Stored data
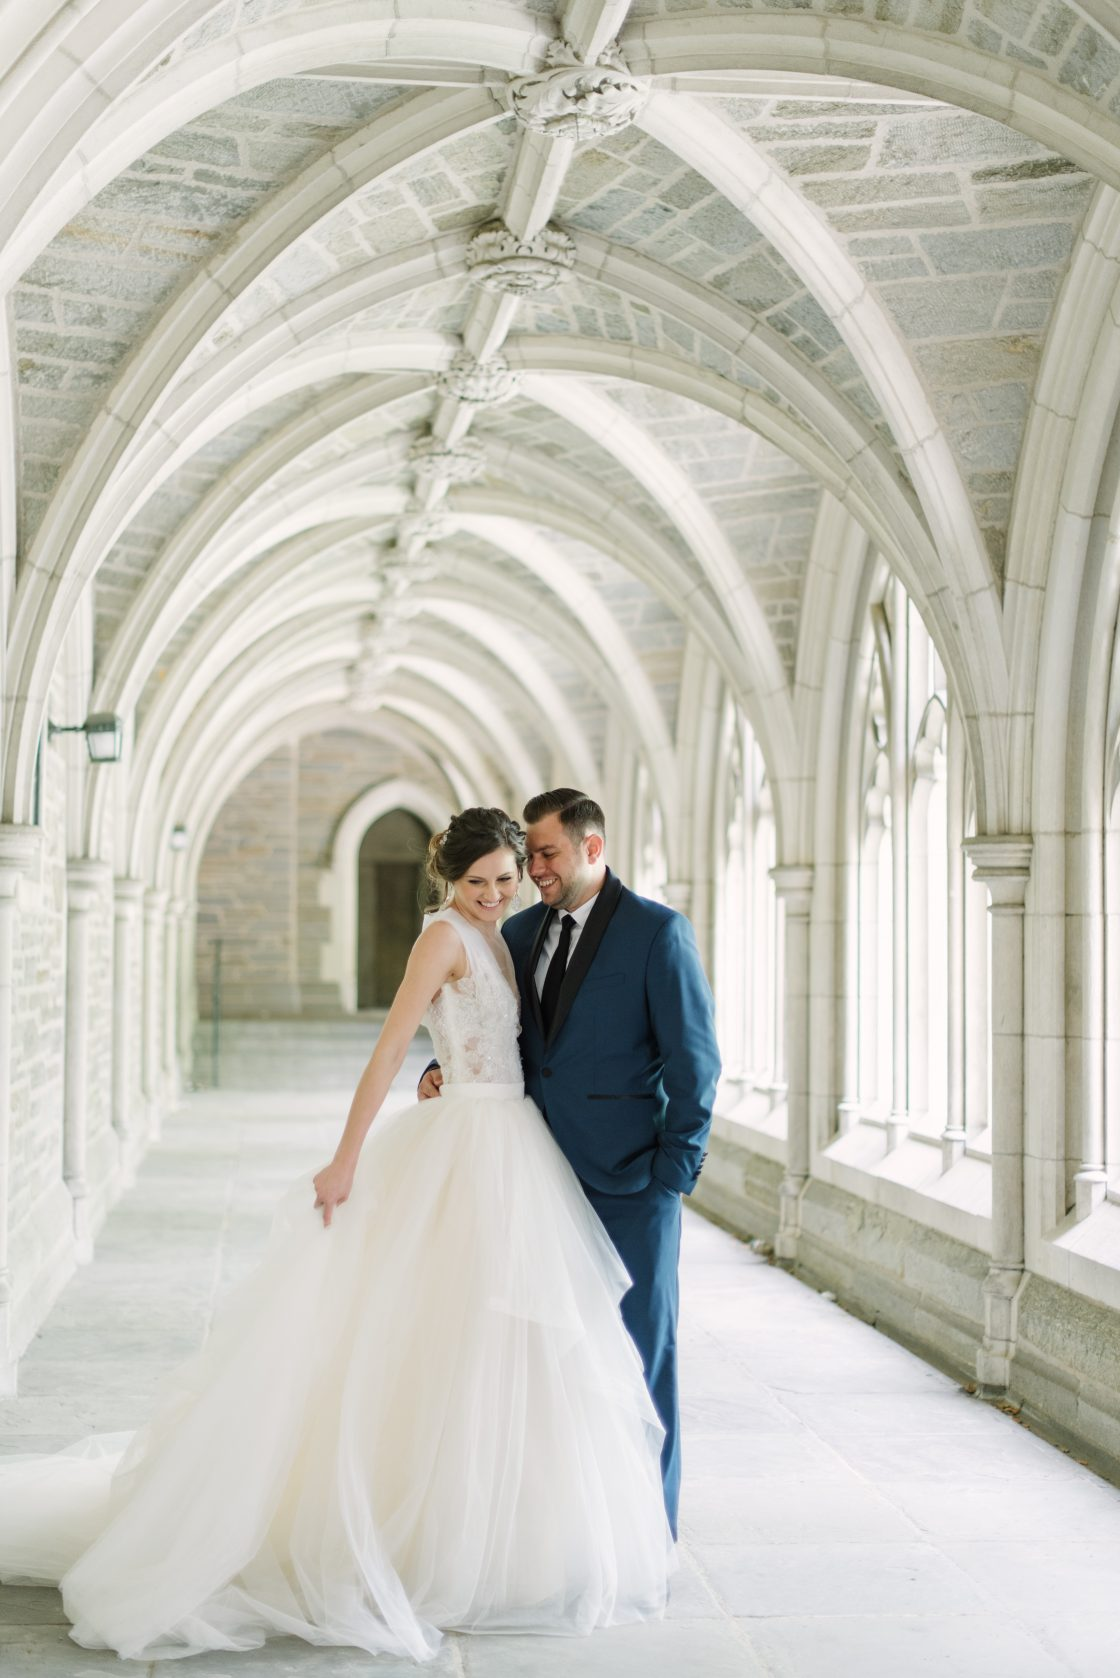 Romantic Candid Wedding Portrait
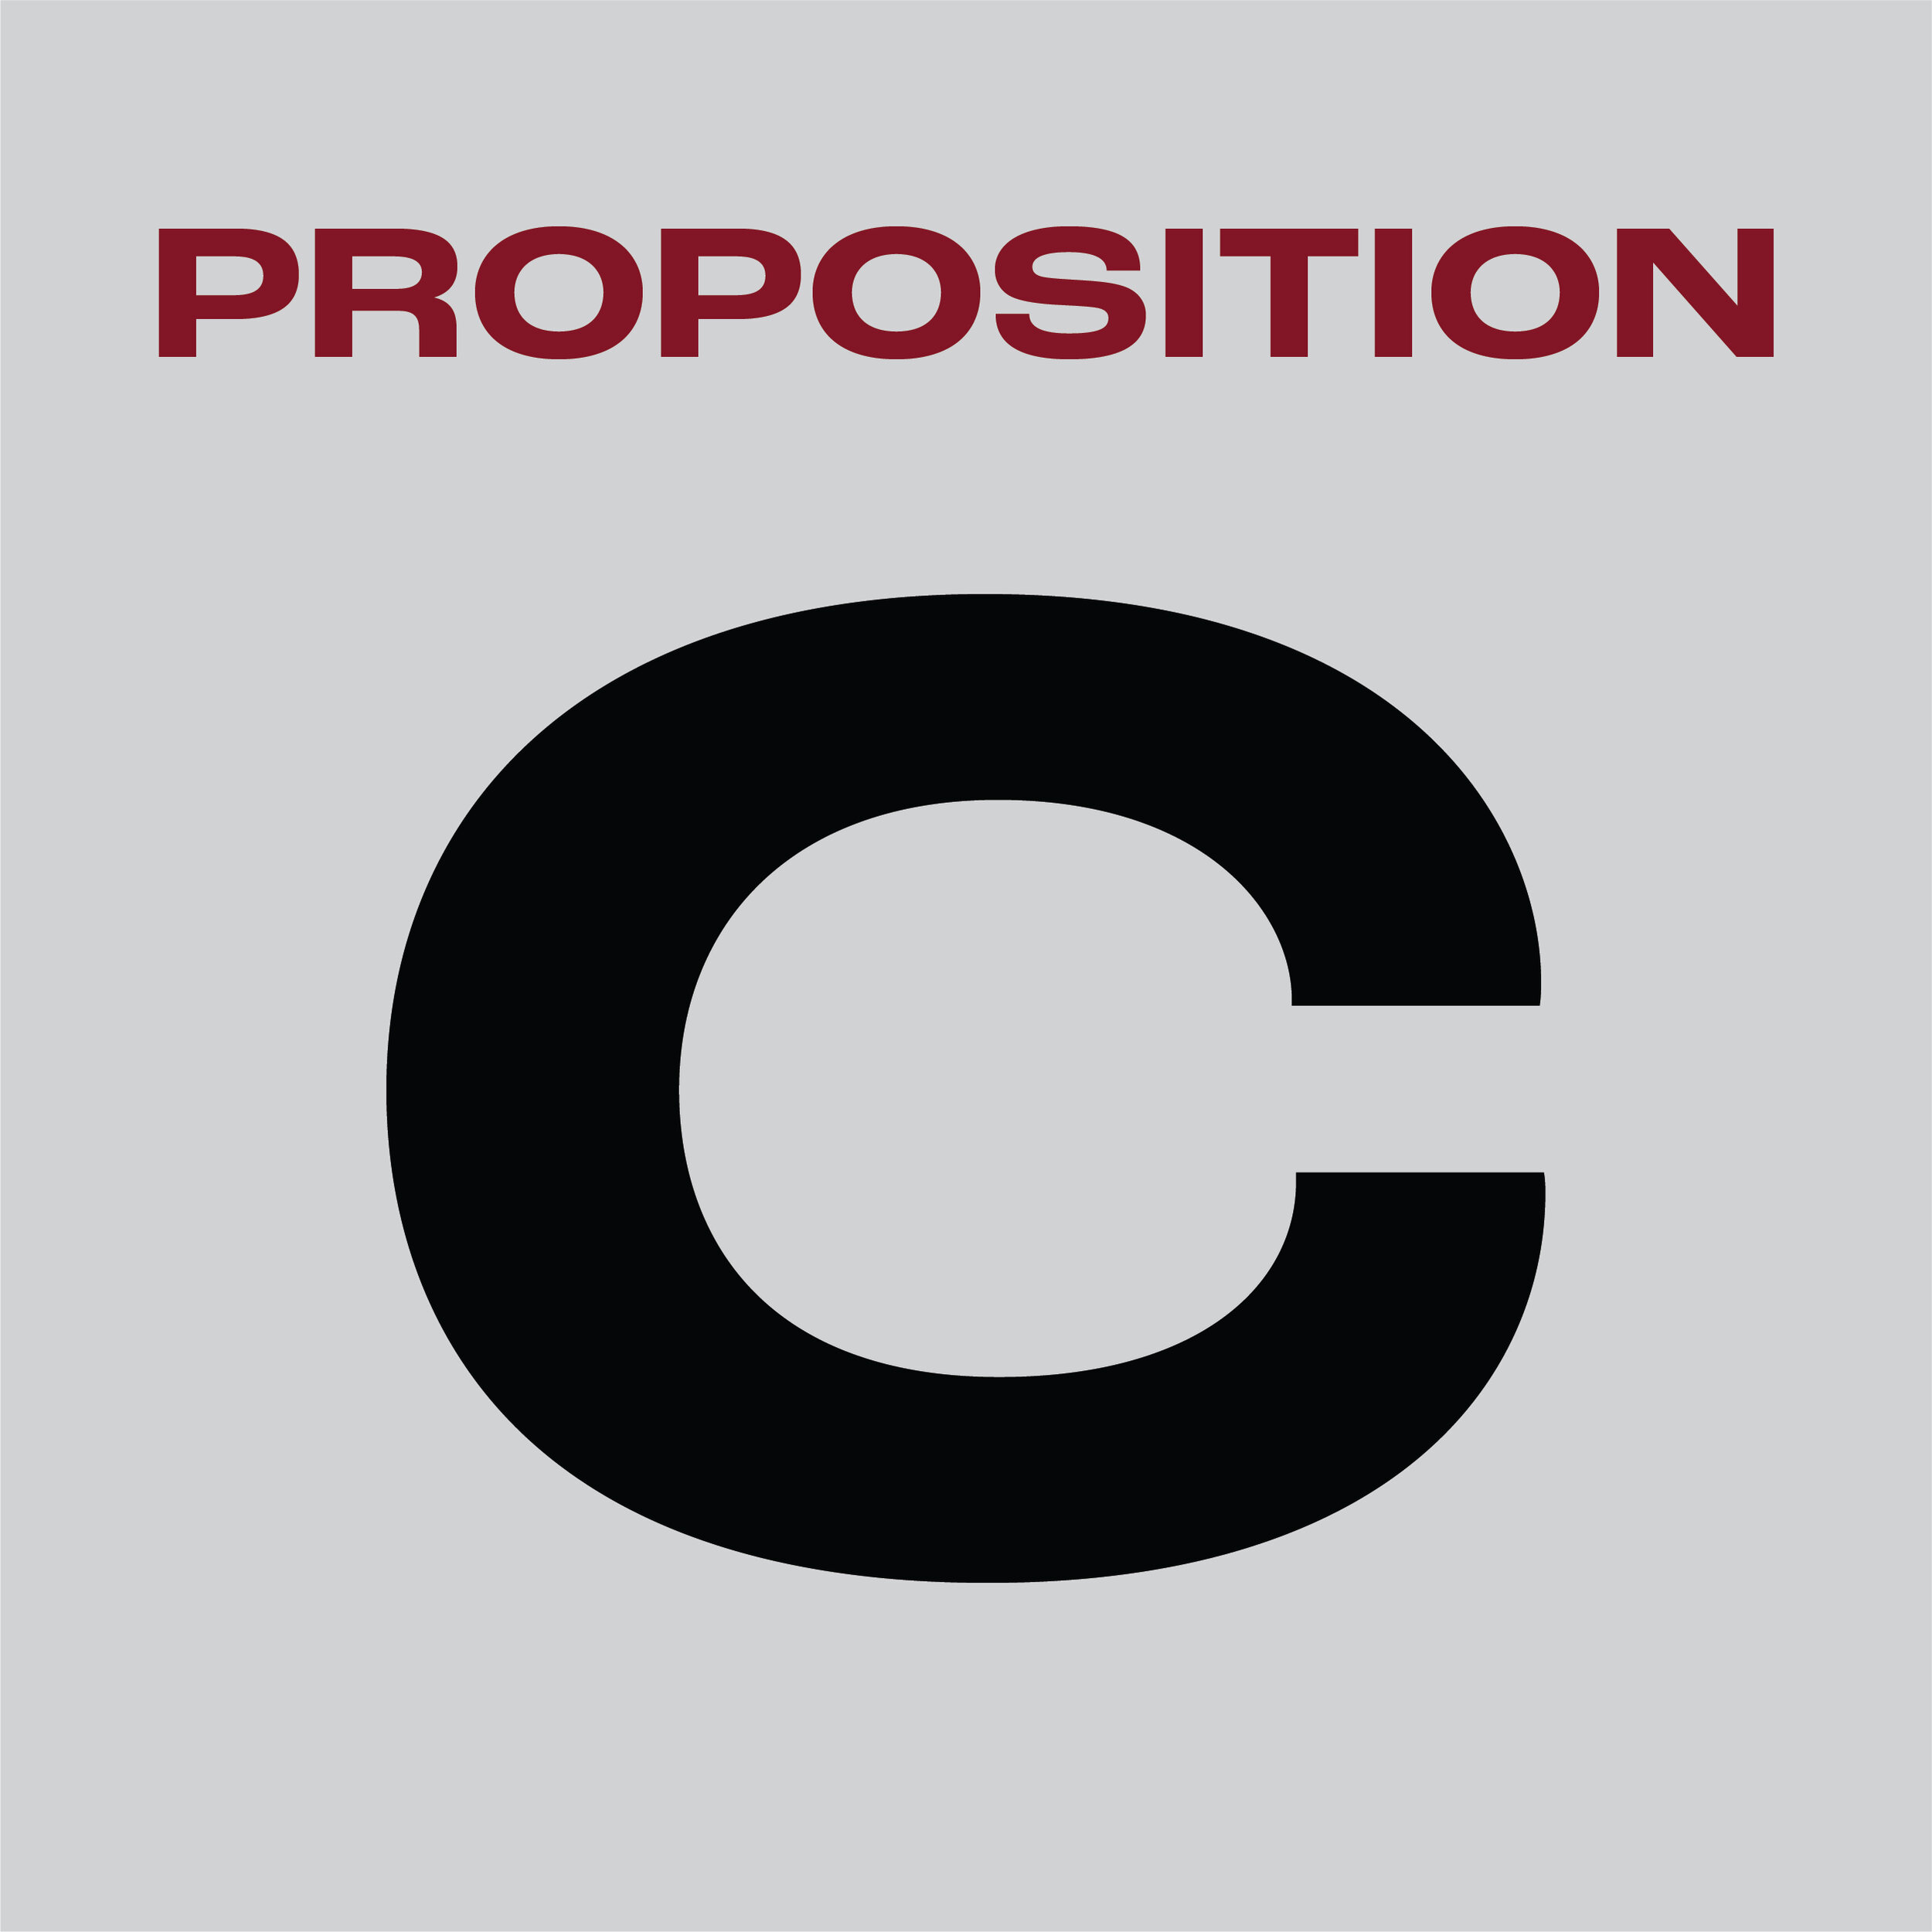 Ballot Propositions Northwest Isd Bond 2020
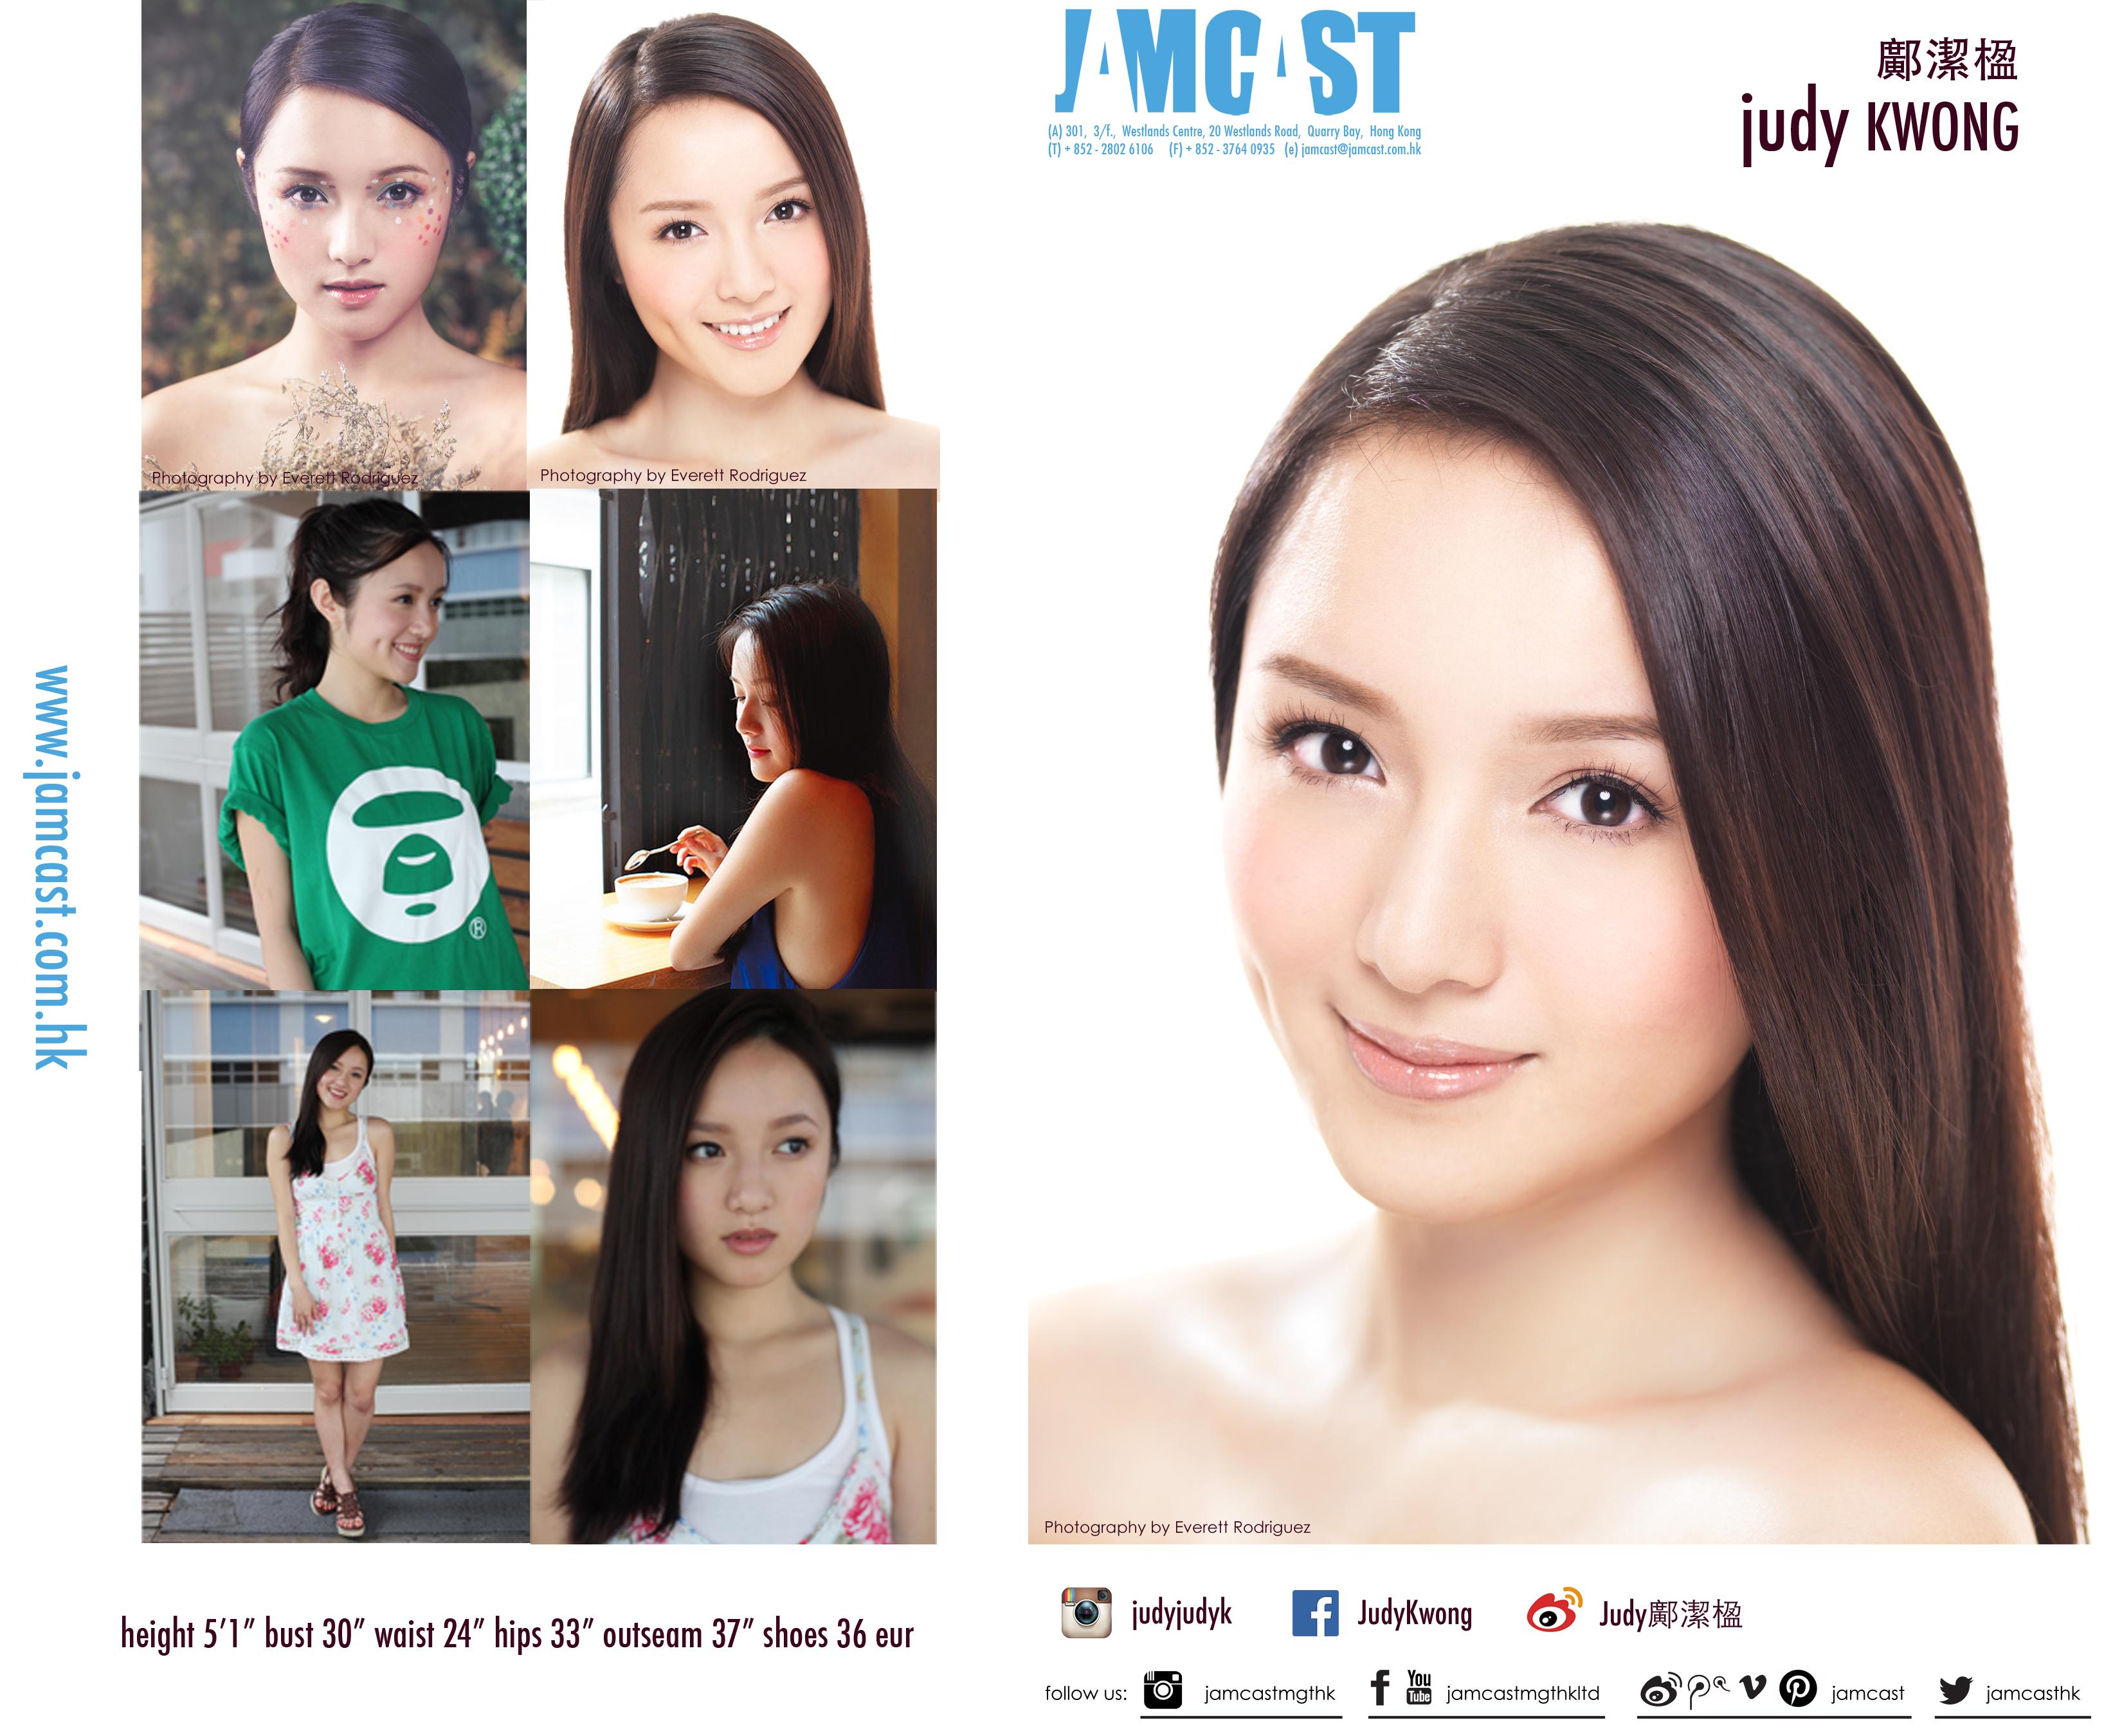 Judy Kwong Card

Exercise goal
Output nothing but the lines from the one containing "Ballot Propositions Northwest Isd Bond 2020" to the end of the listing, both ends included, reproduced exactly. Pictures stay out.

Completed exercise
 Ballot Propositions Northwest Isd Bond 2020
 Judy Kwong Card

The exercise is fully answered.